Thanks everyone who made sure I didn’t miss Brenda Laurel’s essay about Purple Moon. I had a difficult time deciding what to write about it, if anything. Because Purple Moon’s mission was near and dear to most every employee’s heart, the time spent there and the time spent tearing ourselves away was emotional. It is hard, as I am often reminding myself in business life, to not take it personally when your goal feels so noble, so pure, so capital-G Good, but, hard as you try, you are failing to make it. Even our partners, our customers, and our suppliers were rooting for us, treating us so well because they too wanted to believe in and be a part of something Good. It was hard for every little thing not to be emotional and personal, because everyone cared so much. We all felt we had a personal stake in our mission. Wouldn’t it make such a difference to believe so strongly in what you were doing every day at work? That’s what we had. But I don’t think anyone realized that the biggest risk we were taking was that we would all feel so damn horrible when it failed.

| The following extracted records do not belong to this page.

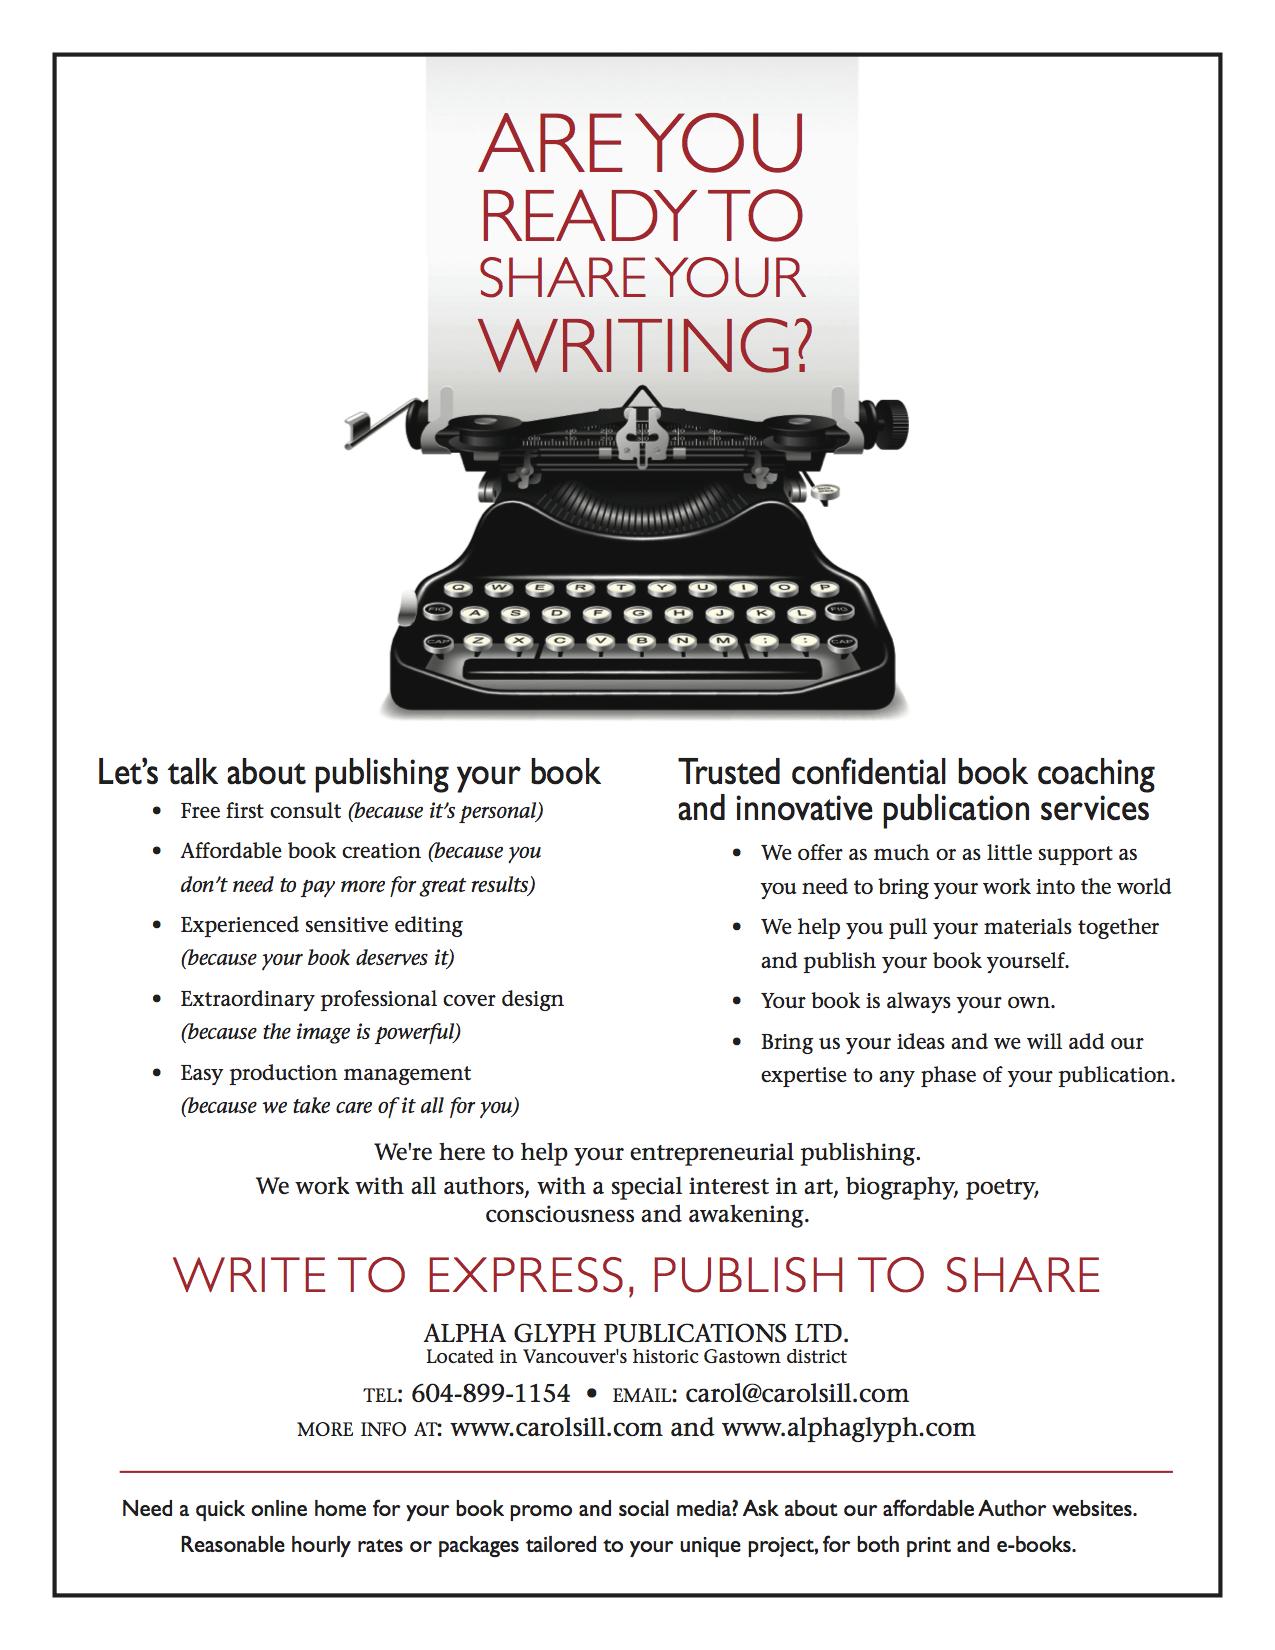 Alpha Glyph Book Publishing Flyer/ Carol Sill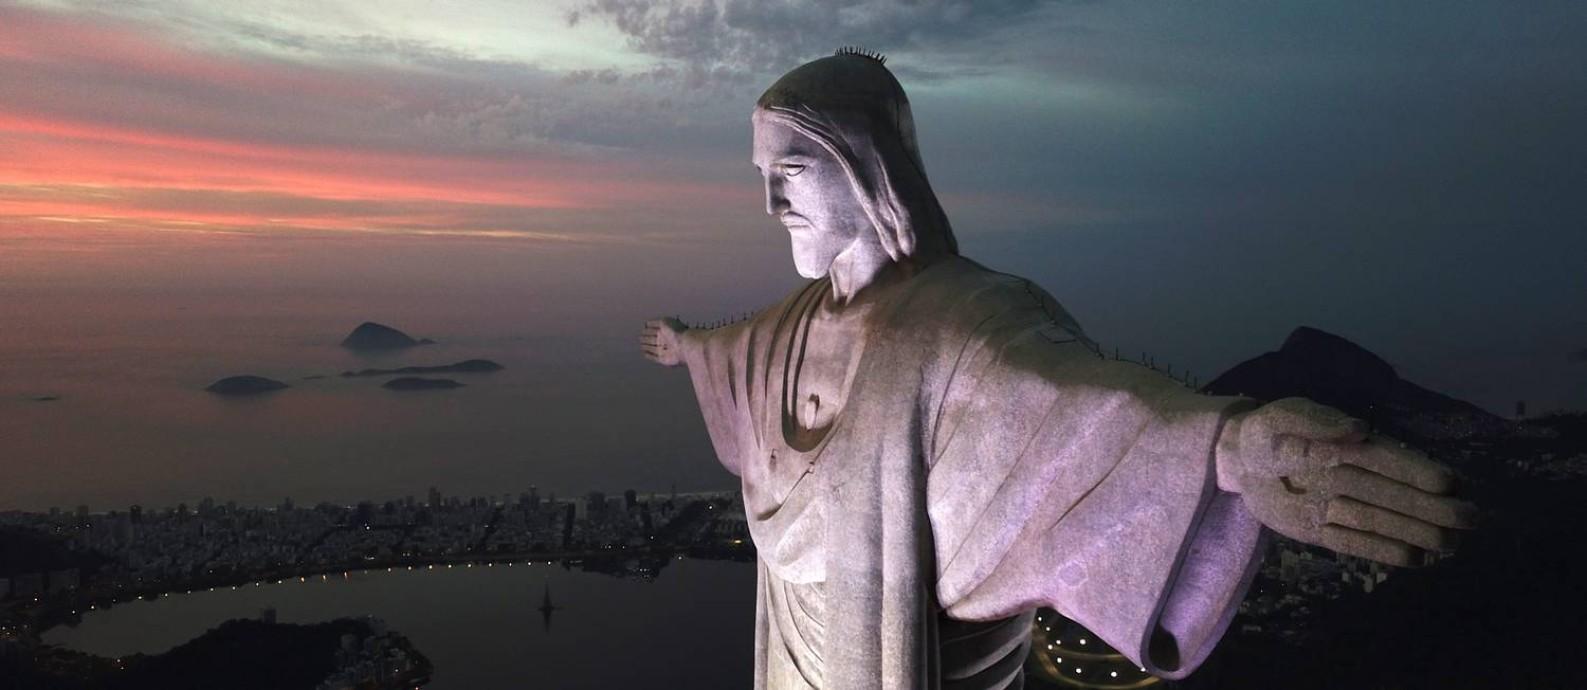 O monumento do Cristo Redentor, um dos mais belos cartões-postais do Rio Foto: Custódio Coimbra / Agência O Globo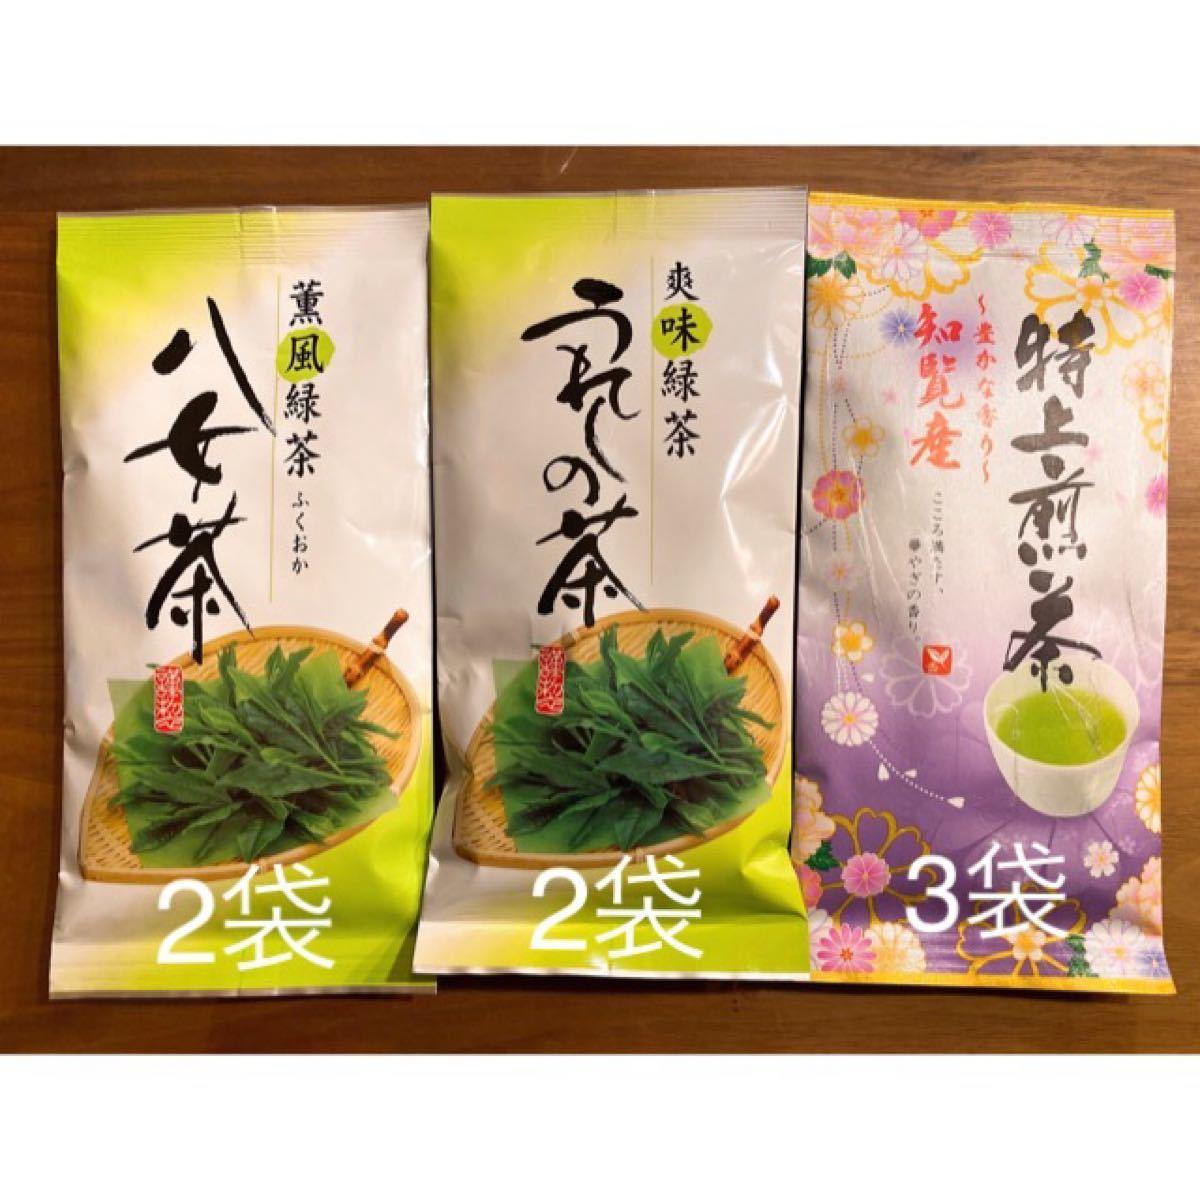 八女茶×2袋 うれしの茶×2袋 知覧茶×3袋 計7袋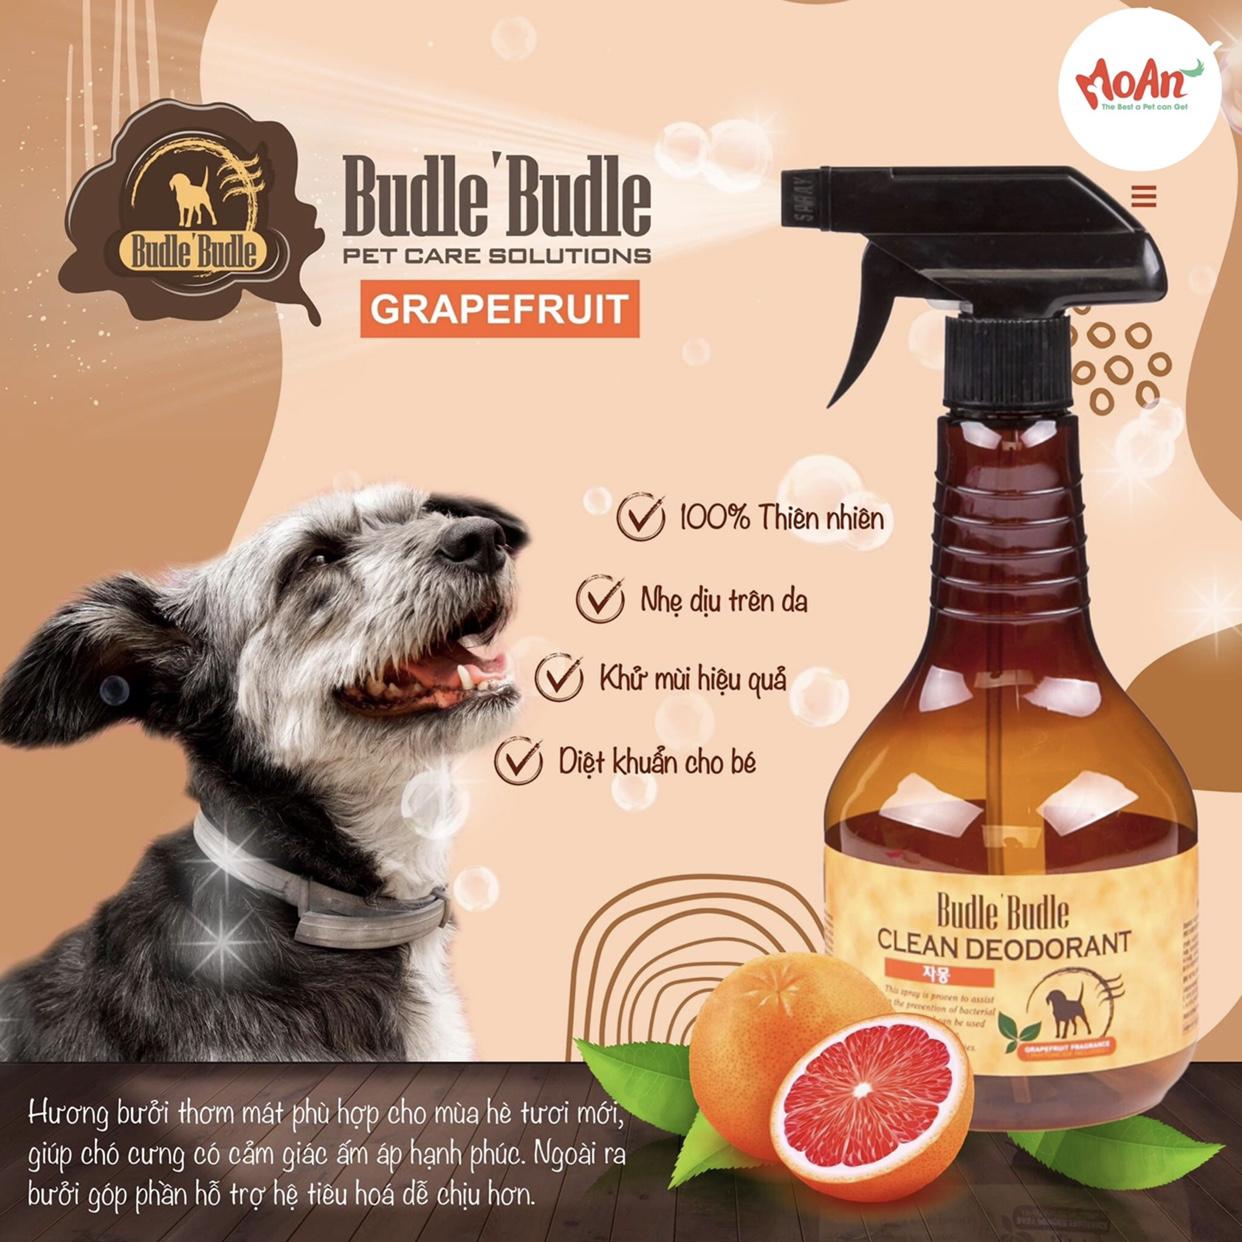 Xịt Budle'Budle Dưỡng lông [Mùi Grapefruit] 530ml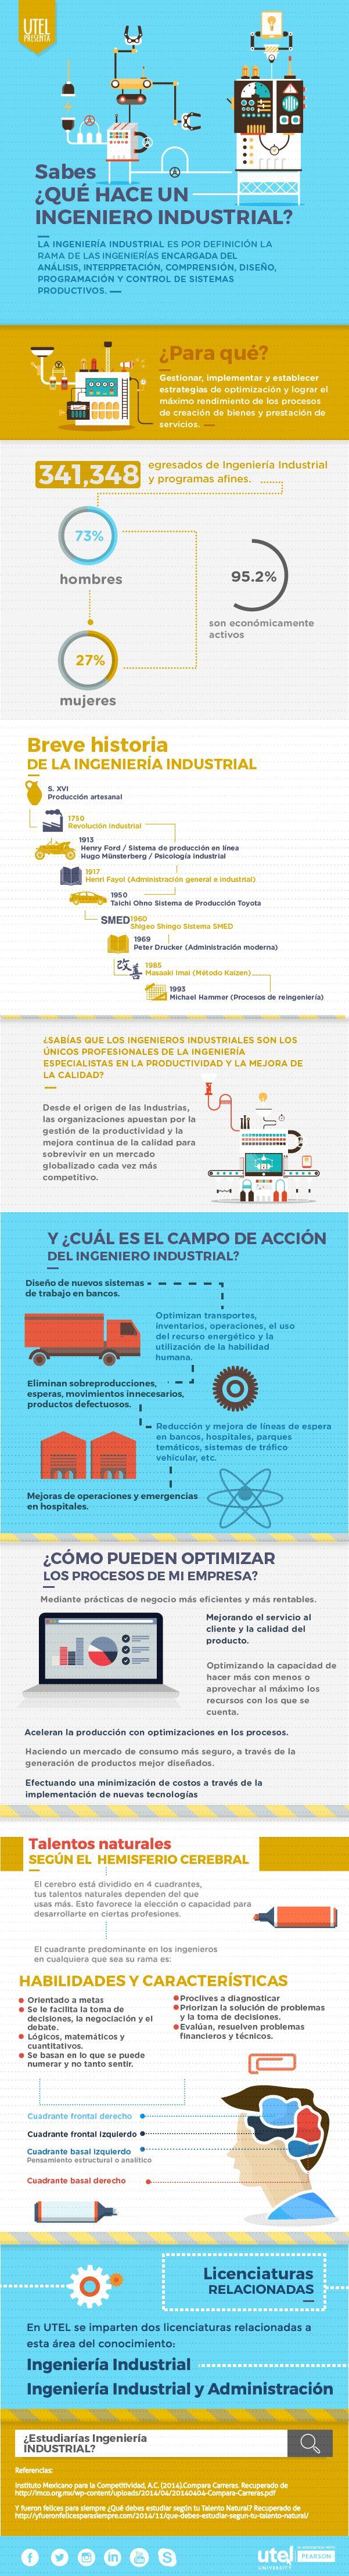 Conoce todo lo que necesitas saber sobre la Ingeniería Industrial. #UniversidadUTEL #Infographic

Brenda makes some interesting observations about women in business in her essay. Yes, of course, I have my ideas of which names go with her “recognizable dysfunctions”. It makes me feel better that she recognizes the management traits many of us had to contend with. Maybe we have different people in mind, but that’s OK. People vary in different circumstances. Most of us can be and have been stellar under better circumstances. As I grow wiser and reanalyze situations from a greater distance, I’ll probably learn even more lessons from Purple Moon — and all the other startups I’ve participated in.
This past weekend I learned that a box of McCormick/Schilling food colorings (that little package of four teeny squeeze bottles) costs $3.89 and the same exact box of four food colorings, branded by Safeway, costs $.89. Same ingredients, same little bottles, even the same words on the box (except for the branding). They weren’t even on sale.
The Library of Congress’ archive of Coca-Cola TV commercials includes outtakes from the 1971 commercial featuring “an international group of young people on an Italian hilltop singing ‘I’d Like to Buy the World a Coke'”. Tame stuff, but it is a real part of history now since it’s almost thirty years old. Whew. (via Yahoo’s Weekly Picks)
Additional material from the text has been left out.